Only valid Tokens may impact the Rules Data Store
There is a risk that a partially-parsed Token from an invalid data persistence entry could lead to an unknown state within the Rules Data Store. Therefore, a Token should only impact the state of the Rules Data Store if the token parse completes successfully. The Token should not be responsible for tracking successful completion; rather the load subsystem implements a 'unit of work' design pattern to ensure only valid tokens impact the Rules Data Store.
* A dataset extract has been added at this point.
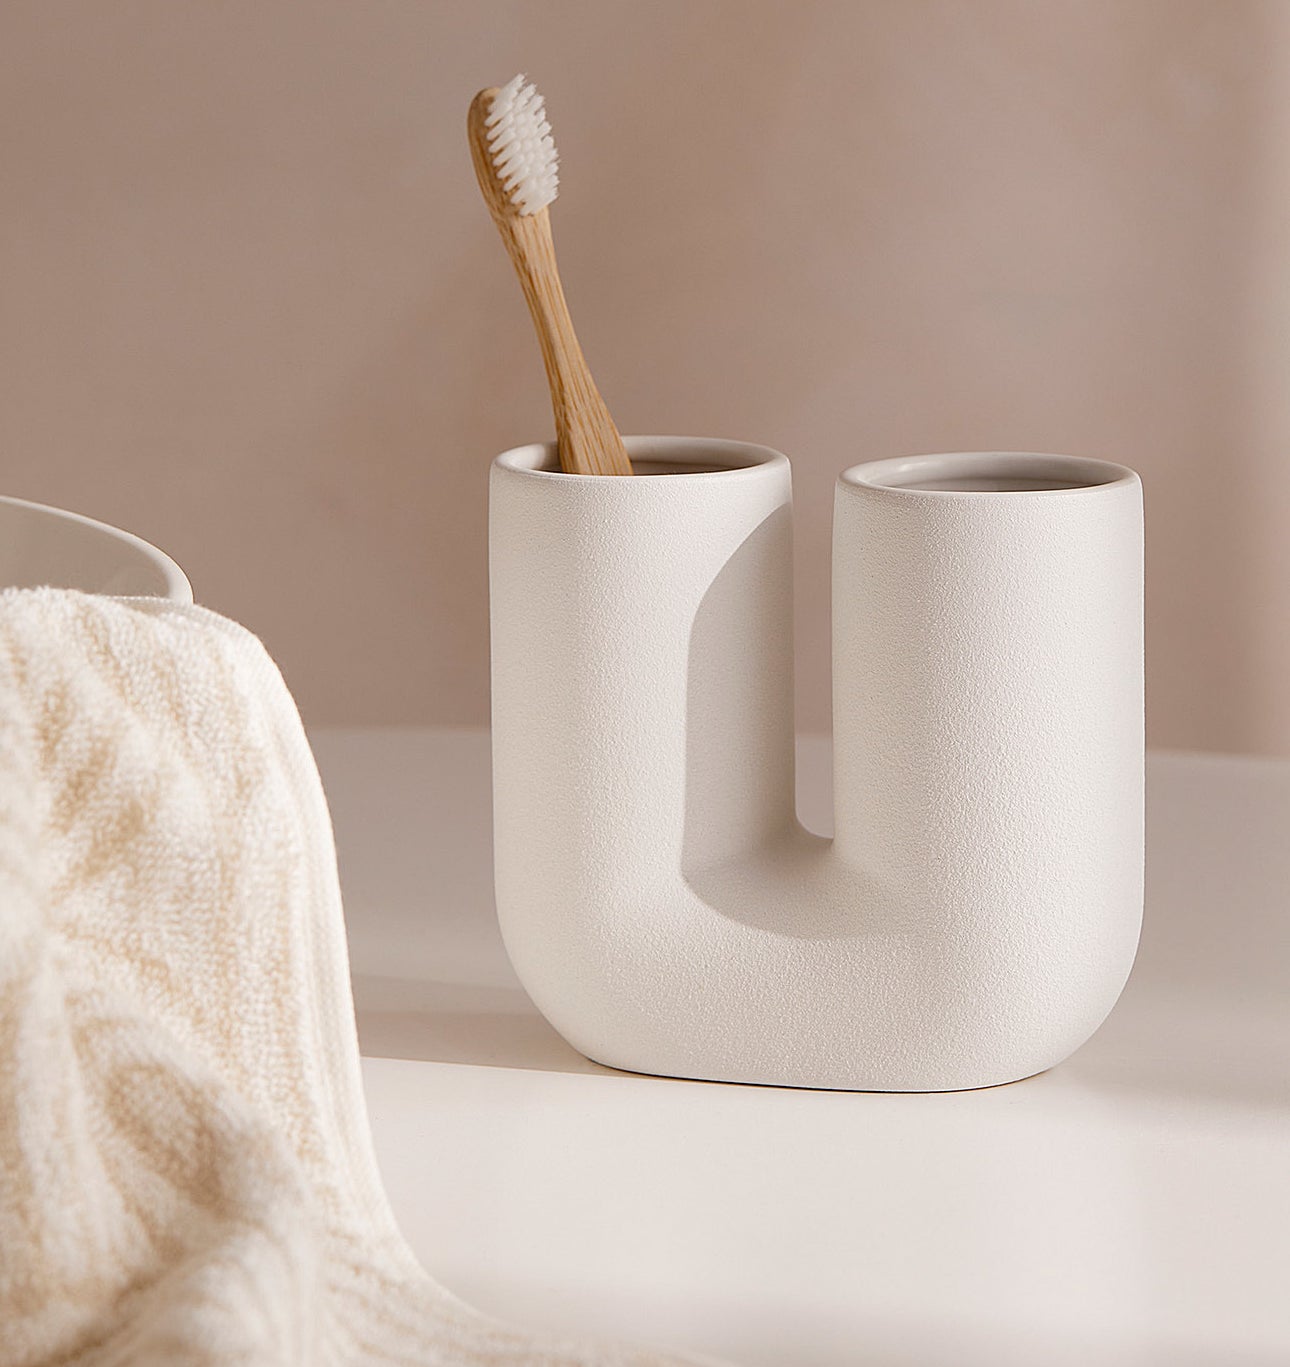 The toothbrush holder with a toothbrush inside
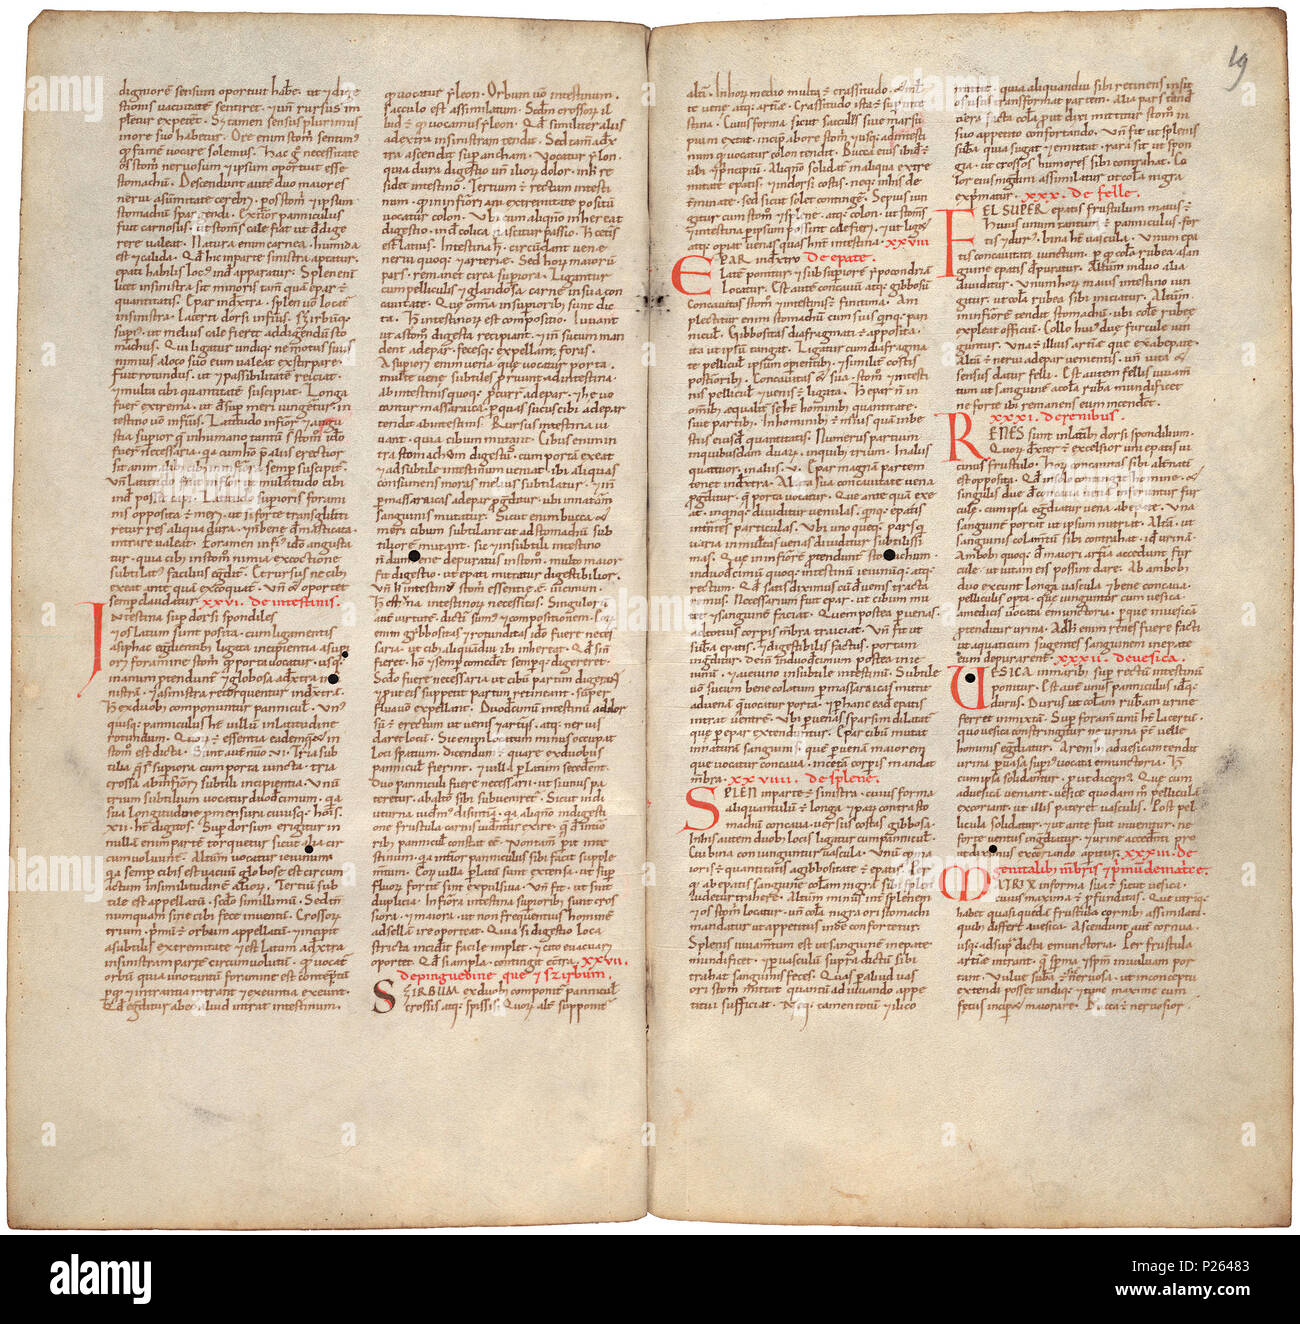 . Pantegni pars prima theorica (lib. I-X) - folios 018v (left) and 019r (right)  .  Lefthand side folio 018v; righthand side folio 019r from an 11th century copy of the Liber pantegni. This is the earliest known copy (prior to 1086) of the Liber pantegni, made at Monte Cassino under the supervision of Constantine the African. It is dedicated to Abbot Desiderius of Monte Cassino (1027-1087), before he became Pope Victor III. Read backgroud information in Dutch and in English. . Constantine the African (ca. 1010-1098/9) 175 Liber pantegni - KB 73 J 6 - folios 018v (left) and 019r (right) Stock Photo

This greatly simplifies the implementation of Tokens, as they are not required to analyze or defer method calls to the LoadContext until after the data persistence syntax is established to be valid.
During the load of data from the data persistence format, each Token may fully parse the provided value and make any necessary calls to the LoadContext. This can be done even if subsequent information indicates to the Token that there is an error in the Token value. Specifically, individual Tokens should be free to take any action on the LoadContext, and are not responsible for the consequences of those method calls unless the Token indicates that the value from the data persistence format was indicated to be valid. This indication of validity is by returning a ParseResult.PASS from the parse method of the Token.
If a Token passes, then the File Loader that called the Token is responsible for indicating to the LoadContext to commit() the changes defined by the Token.
If the Token returns a failure, then the File Loader is responsible for calling the rollback() method of LoadContext to indicate no changes should made to the Rules Data Store and the tentative changes proposed by the Token should be discarded.
Future Work
There are a few changes that should take place here.
- Currently the parse method returns a ParseResult (effectively a specialized Tuple of a Boolean and an error string). This should convert to returning void and throwing an exception if there is a load error.
- We need more information about WHERE an error occurred in the value. If we are to properly implement an Editor, at some point we may encounter a situation where folks are typing in their own values. This would mean we need to parse those and indicate where errors are - so we may consider things like counting the number of characters we have processed in order to pinpoint exactly where the error occurred in the value String.
(Note: there are ways of doing this without doing it explicitly - e.g. a much smarter derivative of ParsingSeparator to track what was last requested)
Commit Strategy objects
The Commit Strategy objects are in the pcgen.rules.context package.
Tracking*CommitStrategy
Tracks changes based on the URI[note 1] and includes information about all changes (including CLEAR, etc.). Suitable for use in tracking detailed changes driven by tokens and being able to rewrite that information back out to LST files in the original format (e.g. will include .CLEAR in the output)
Consolidated*CommitStrategy
Commits changes into Rules Data Store (mainly the CDOM Objects) and flattens out changes (e.g. actually removes the contents of a List after a .CLEAR). Suitable for use at runtime. Changes written to LST files are written back out to LST files as a consolidated result of the tokens (e.g. will include the impact of the .CLEAR rather than placing .CLEAR into the output)
The Commit Process
Each token has the ability to define changes to the Rules data by calling specific methods in the LoadContext. These actions by the token are tracked in a set of Tracking*CommitStrategy objects while the token is processing. If the token completes successfully (returns true), then the changes are committed into another set of CommitStrategy objects; otherwise the changes are rolled back. Each token can be thought of as a 'unit of work'.
How Tracking Works
Tokens have the ability to add or remove information from the Rules Data Store. In order to track the detailed changes, the TrackingObjectCommitStrategy has separate objects in which it can track added or removed information. All changes are tracked by the URI from which the changes originated. This allows changes to be appropriately written back to an LST file, rather than (accidentally) consolidated into the source in which an object first appeared.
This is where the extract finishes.